The expression values span 4 orders of magnitude, the largest value being close to 40,000. As most of the values are in the lower ranger (as indicated on the plot), it is difficult to see much details in a plot with these dimensions.
Question 3
Plot after Log2 transformation of all the expression data:
ggplot(expr, aes(x = log2(GSM287992), y = log2(GSM287991))) + geom_point()
Question 4
(Theoretical question)
RATIO = CASE/CONTROL (we only consider values >0 for both CASE and CONTROL)
If CASE < CONTROL the RATIO will fall in the interval ]0;1[ If CASE > CONTROL the RATIO will fall in the interval ]1;inf[
The problem here is that these intervals are very far from being comparable. Up- and down-regulation of a given gene will be on very different scales.
Question 5
The trick is simply that we can use the Log2 function to transform the RATIOs.
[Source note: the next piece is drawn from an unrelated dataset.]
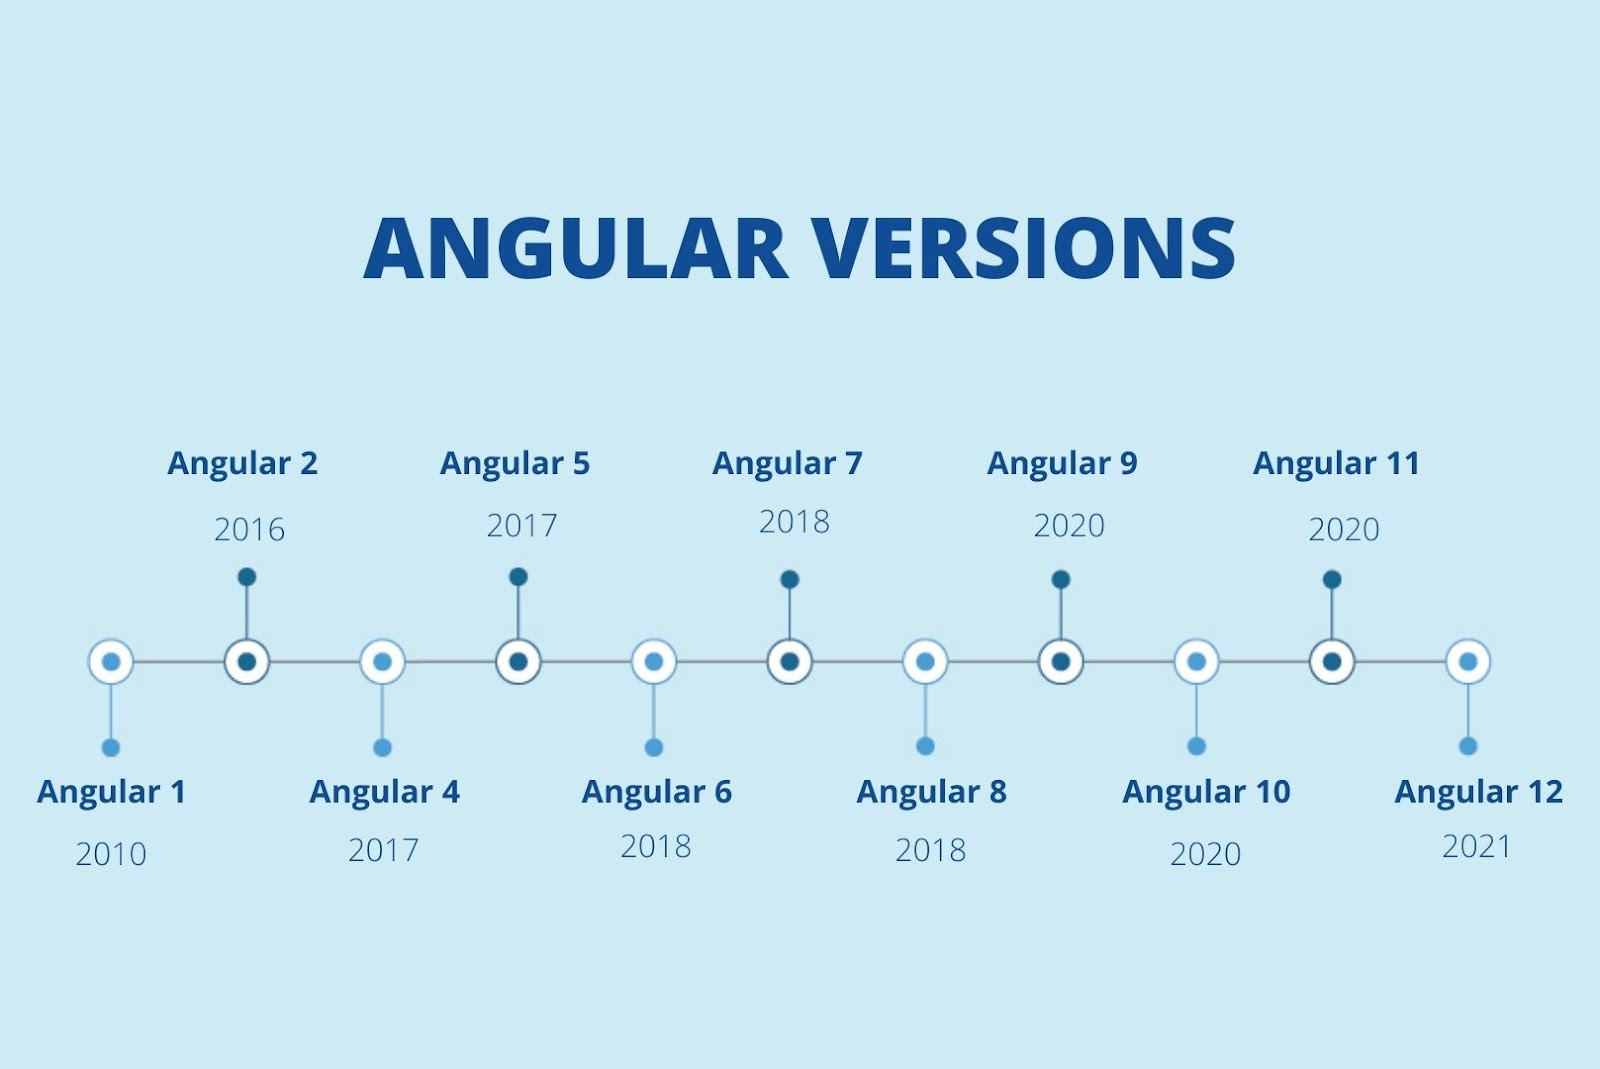 Angular versions of web development

Notice: Log2(1) = 0 Log2(x) -> -inf as x -> 0 Log2(x) -> +inf as x -> inf
Compared to the question above, we will now have the following intervals after transformation:
CASE < CONTROL: Log2(RATIO) will fall in the interval ]-inf;0[ CASE > CONTROL: Log2(RATIO) will fall in the interval ]0;inf[
Examples:
raw ratio: 7.1/2.3 = 3.07, log2 ratio: log2(7.1/2.3) = 1.63 raw ratio: 2.3/7.1 = 0.32, log2 ratio: log2(2.3/7.1) = -1.63
Question 6
expr$fc <- expr$GSM287992/expr$GSM287991 expr$log2fc <- log2(expr$GSM287992/expr$GSM287991)
Question 7
GO overrepresentation analysis of top 100 CONTROL genes.
load("home/projects/22140/exercise5.Rdata")
BP_df = msigdbr(species = "S. cerevisiae", category = "C5", subcategory = "BP")
BP_list = split(x = BP_df$ensembl_gene, f = BP_df$gs_name)
fora_q7 <- fora(pathways = BP_list, genes = expr[order(expr$GSM287991, decreasing = TRUE),]$SysName[1:100], universe = background)
Observation: Lots of basic cell “house keeping” (e.g. rRNA synthesis, metabolic processes). Since this is the CONTROL sample of normally growing cells, it is expected that we should see all the basic processes need for cell growth.
Question 8
The same analysis as above, but now with the entire list of expression values as input.
stats <- expr$GSM287991; names(stats) <- expr$SysName gsea_q8 <- fgsea(BP_list, stats)
Same observation as above (but based on much more data – hence the more depth in the analysis): lots of basic metabolism.
Question 9
What happens if we randomize the order of the genes in the list?
stats <- expr$GSM287991; names(stats) <- sample(expr$SysName) gsea_q9 <- fgsea(BP_list, stats)
Answer: we lose the signal.
Question 10
Repeat the functional class scoring analysis for the CASE array
stats <- expr$GSM287992; names(stats) <- expr$SysName gsea_q10 <- fgsea(BP_list, stats)
Answer: it’s very difficult to tell it apart from the CONTROL sample. It’s important to understand why: Even if the cell are arrested in G1 a lot of other (normal) processes are going on – e.g. the cell still needs basic metabolism
Question 11
Functional class scoring of genes Log2 Fold Change
stats <- expr$log2fc; names(stats) <- expr$SysName gsea_q11 <- fgsea(BP_list, stats)
Observe the following: by sorting on the fold chance we focus the analysis on what is different between CASE and CONTROL. In more practical terms this means that all the normal metabolic processes that were dominating the analysis will disappear, and we can now see what is going on in relation to the G1 arrest.
Answer: the Karyogamy GO terms are overrepresented. This is in good agreement with the fact that the cells where arrested with alpha-factor, which induced the mating response. Karyogamy is the process where the A- and the alpha-cells fuse nuclei.